С Умфрой и шестью матросами я пошел в субботу на лошадиный рынок, который проводился ежегодно в конце лета на лугу возле города. Хотел купить несколько крупных кобыл на племя. Византийское прошлое не давало покоя. Лошадей на рынке продавали много. Я был уверен, что по случаю войны их станет здесь меньше, но, видимо, как раз война и притягивала сюда продавцов. Коней привезли из Ирландии, Бретани, Пуату, Фландрии, Фризии. Из последней местности лошади были самые крупные. Я купил фризского темно-гнедых жеребца и трех кобыл. Лошадей гнедой масти продавали здесь дешевле других. Не модная масть. У фризцев и вообще ценились только вороные, а гнедые считались браком. Я предпочитал верить мнению скифов, что самые лучшие лошади – гнедые. Мне нужны не понты, а конь, который сможет долго нести меня в полном доспехе и с оружием. Еще купил жеребца-иноходца, серебристо-гнедого – корпус гнедой, грива светло-коричневая, хвост почти белый, а ноги черные. Иноходь – лошадь одновременно поднимает обе ноги какой-либо стороны – удобнее для верховой езды. Этот конь будет парадно-выездным. Больше никто мне не приглянулся.
Пока ходил между продавцами, наткнулся на Томаса с его дядькой, которого звали Жак. Они продавали свою кобылу. Просили за нее слишком много, поэтому никто не покупал. Вид у рыцаря был неважнецкий.
– Что случилось, Томас? – спросил я.
– Ничего не случилось, – гордо ответил он. – Кобыла не нужна стала, вот и продаю.
– Жеребцов мы потеряли, – признался вместо него дядька Жак.
– Как? – поинтересовался я.
– Встретились с отрядом Вильгельма Ипрского, – сообщил Томас и обиженно добавил: – Их было намного больше нас!

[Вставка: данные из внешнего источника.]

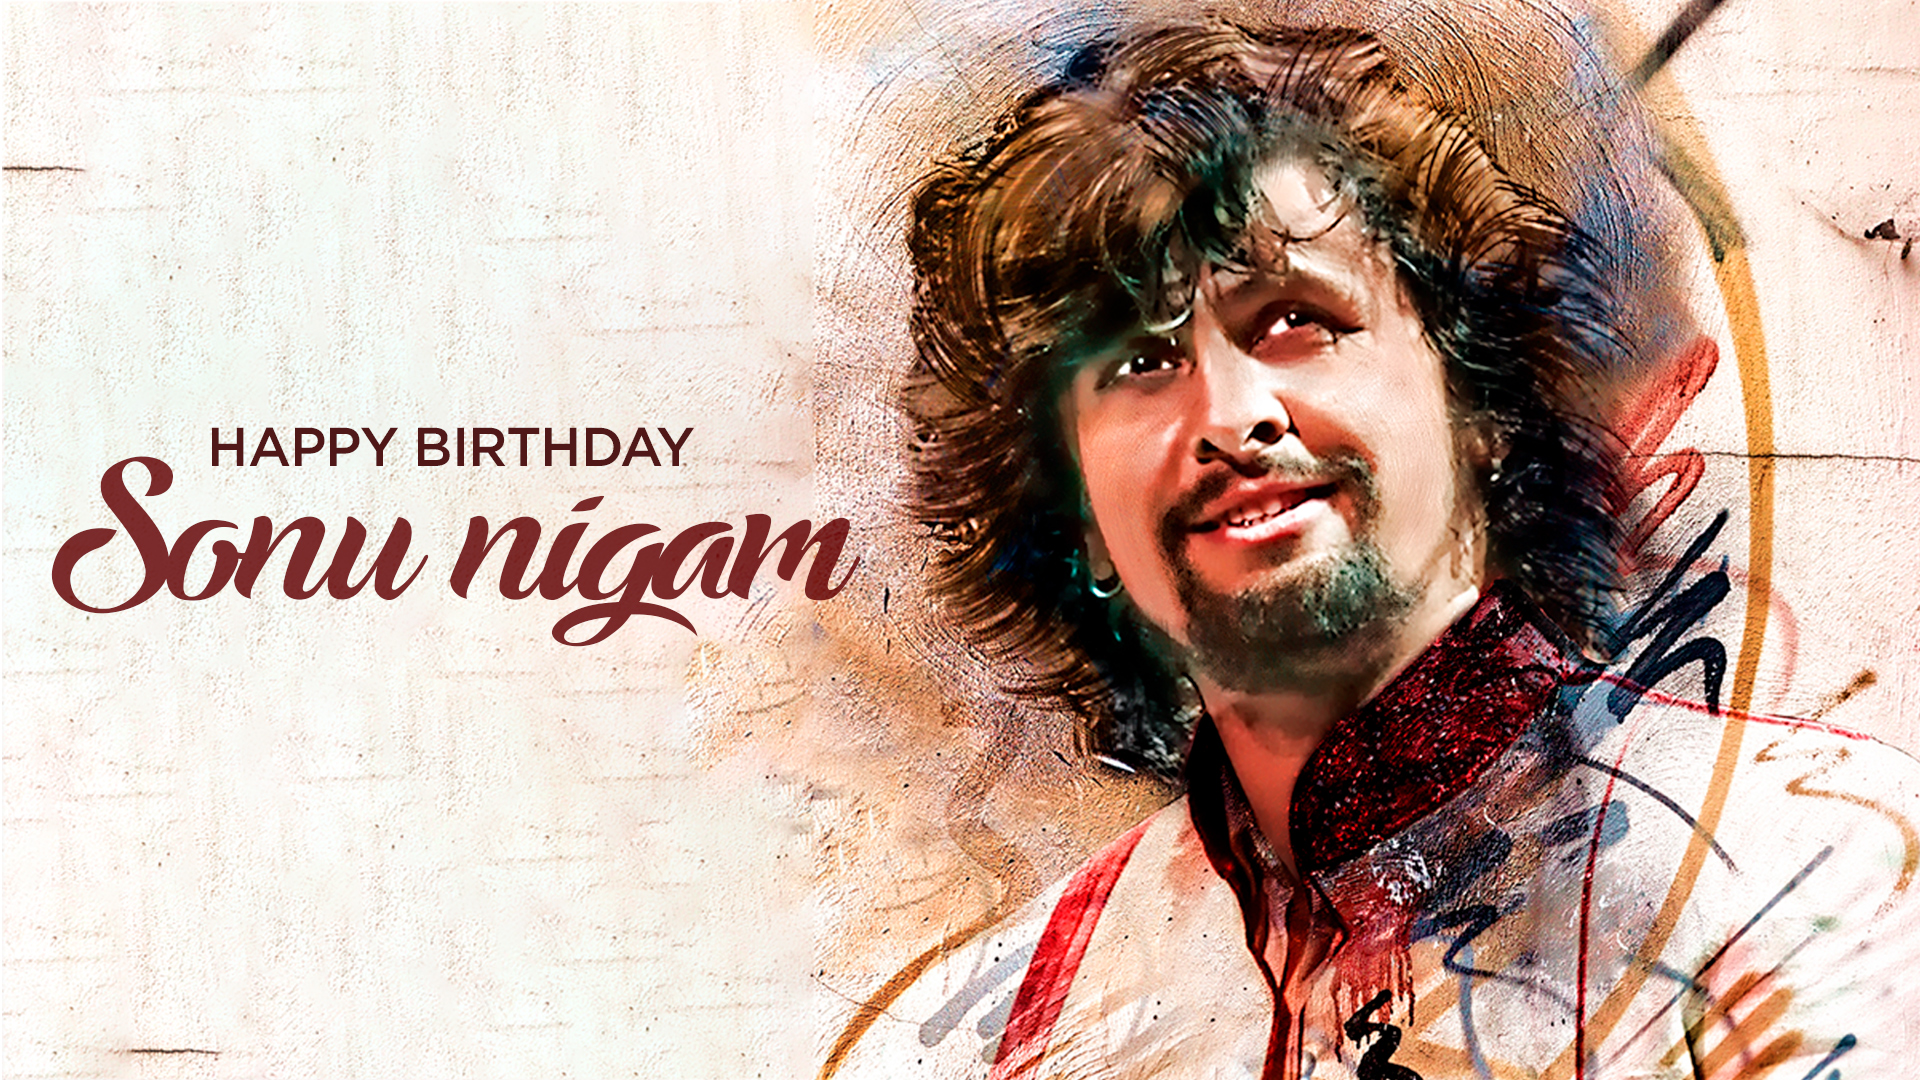 Happy Birthday Sonu Nigam - The Versatile Singer of Indian Cinema

Вильгельм Ипрский был внебрачным сыном фламандского графа де Ло, командовал в Англии отрядом наемников. В отличие от остальных участников гражданской войны, сражался за деньги, причем все время на стороне короля Стефана, хотя, как я слышал, сторонники императрицы делали ему заманчивые предложения. Был он человеком безжалостным, а его отморозки грабили и убивали всех подряд. Рыцари, которые, как они утверждали, воевали не за деньги, но при этом перебегали из одного лагеря в другой и грабили и убивали не меньше, презирали Вильгельма Ипрского. Он сумел сколотить отряд человек в триста, собрав со всей Европы самых лучших и самых беспринципных, которые подчинялись только ему. По моему мнению, этот отряд был самым боеспособным подразделением в Северной Европе. В том числе и потому, что был самым, как это ни странно звучит, дисциплинированным.
– Разве граф Глостерский не оплатил ремонт лошадей? – спросил я.
Осенью Вильгельм де Румар за весь свой отряд оговорил, что граф Глостерский оплачивает потерю в бою или лечение раненого коня.
– Я забыл сказать, – признался Томас.
Ему не терпелось повоевать, поэтому забыл оговорить условия найма.
– Твой договор закончился? – спросил я.
– Полторы недели назад, – ответил юноша. – Продам кобылу, куплю жеребца и на этот раз обязательно оговорю его потерю.
– За эту цену кобылу ты не продашь, а если и продашь, на жеребца все равно не хватит, – сказал я.
– Хватит! – уверенно произнес он, потом, подумав, добавил: – Займу у кого-нибудь, – и посмотрел на меня.
– У меня есть предложение получше, – произнес я. – Иди ко мне служить.
– К тебе?! – не поверил своим ушам Томас.
– Ко мне, – повторил я. – У меня теперь есть манор и есть лошади и для тебя, и для Жака.